-
Notifications
You must be signed in to change notification settings - Fork 3.1k
Description
Query engine
Flink
Feature Request / Improvement
Add a WriteObserver plugin interface to IcebergSink (Sink V2) that observes each record written and produces per-checkpoint metadata that flows through the entire sink pipeline to the Iceberg snapshot summary.
Motivation
Users need to extract per-record metadata (e.g., watermark timestamps, data quality scores) at the writer level and attach it to the committed Iceberg snapshot. Currently there is no way to propagate custom metadata from the writer through the aggregator to the committer without subclassing multiple internal classes (IcebergSinkWriter, IcebergWriteAggregator, IcebergCommittable, IcebergCommitter).

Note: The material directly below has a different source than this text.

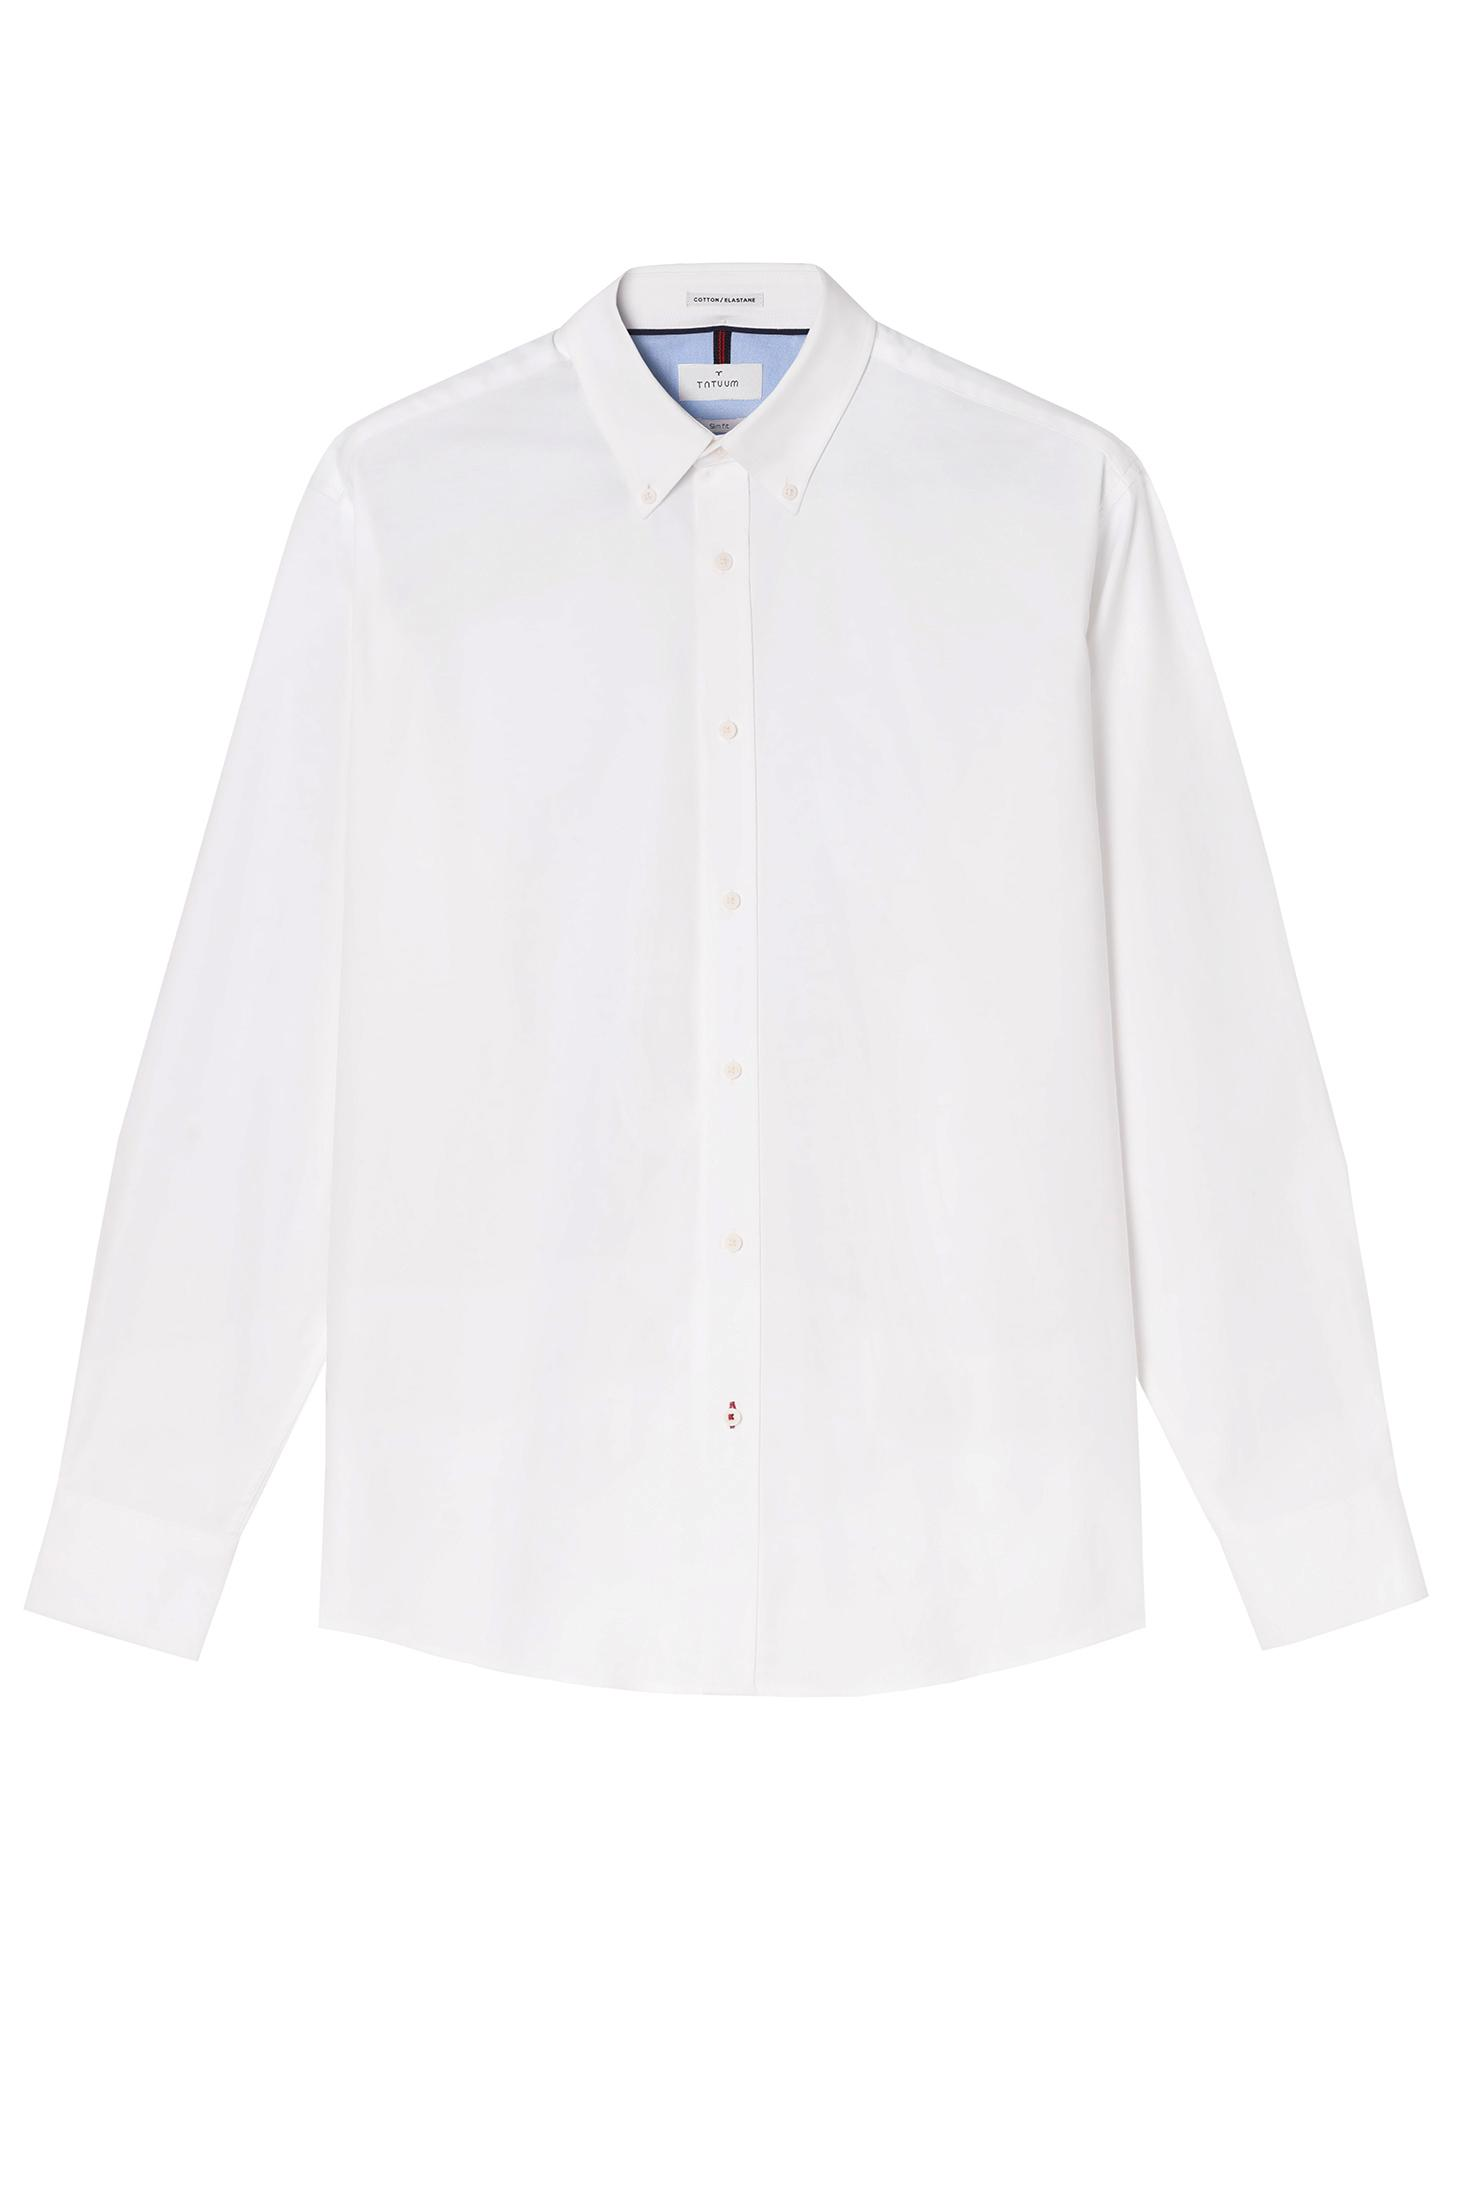 koszula męska długi r. MELLEN MODERN

This PR adds a WriteObserver that is called for each record in IcebergSinkWriter.write(). At checkpoint time, the observer's accumulated metadata is carried through the serialization boundary via a ThreadLocal holder, serialized alongside WriteResult and IcebergCommittable, merged across parallel writer subtasks in the aggregator, and applied as additional Iceberg snapshot properties in the committer.
Changes
- New:
WriteObserver.java-- interface withobserve(RowData, SinkWriter.Context)anddefault Map<String, String> snapshotMetadata() - New:
WriteObserverMetadataHolder.java-- ThreadLocal holder for passing metadata through serialization boundaries - Modified:
IcebergSinkWriter-- calls observer per-record, collects metadata at checkpoint viaprepareCommit() - Modified:
WriteResultSerializer-- v2 format carries observer metadata alongside WriteResult bytes - Modified:
IcebergWriteAggregator-- reads metadata from deserialized WriteResults, merges across writer subtasks, passes to IcebergCommittable - Modified:
IcebergCommittable+IcebergCommittableSerializer-- newobserverMetadatafield with v2 serialization format (backward-compatible with v1) - Modified:
IcebergCommitter-- merges observer metadata from committables and applies as snapshot properties - Modified:
IcebergSink.Builder-- newwriteObserver()method
Compatibility
- No behavioral change when the observer is not set (null default)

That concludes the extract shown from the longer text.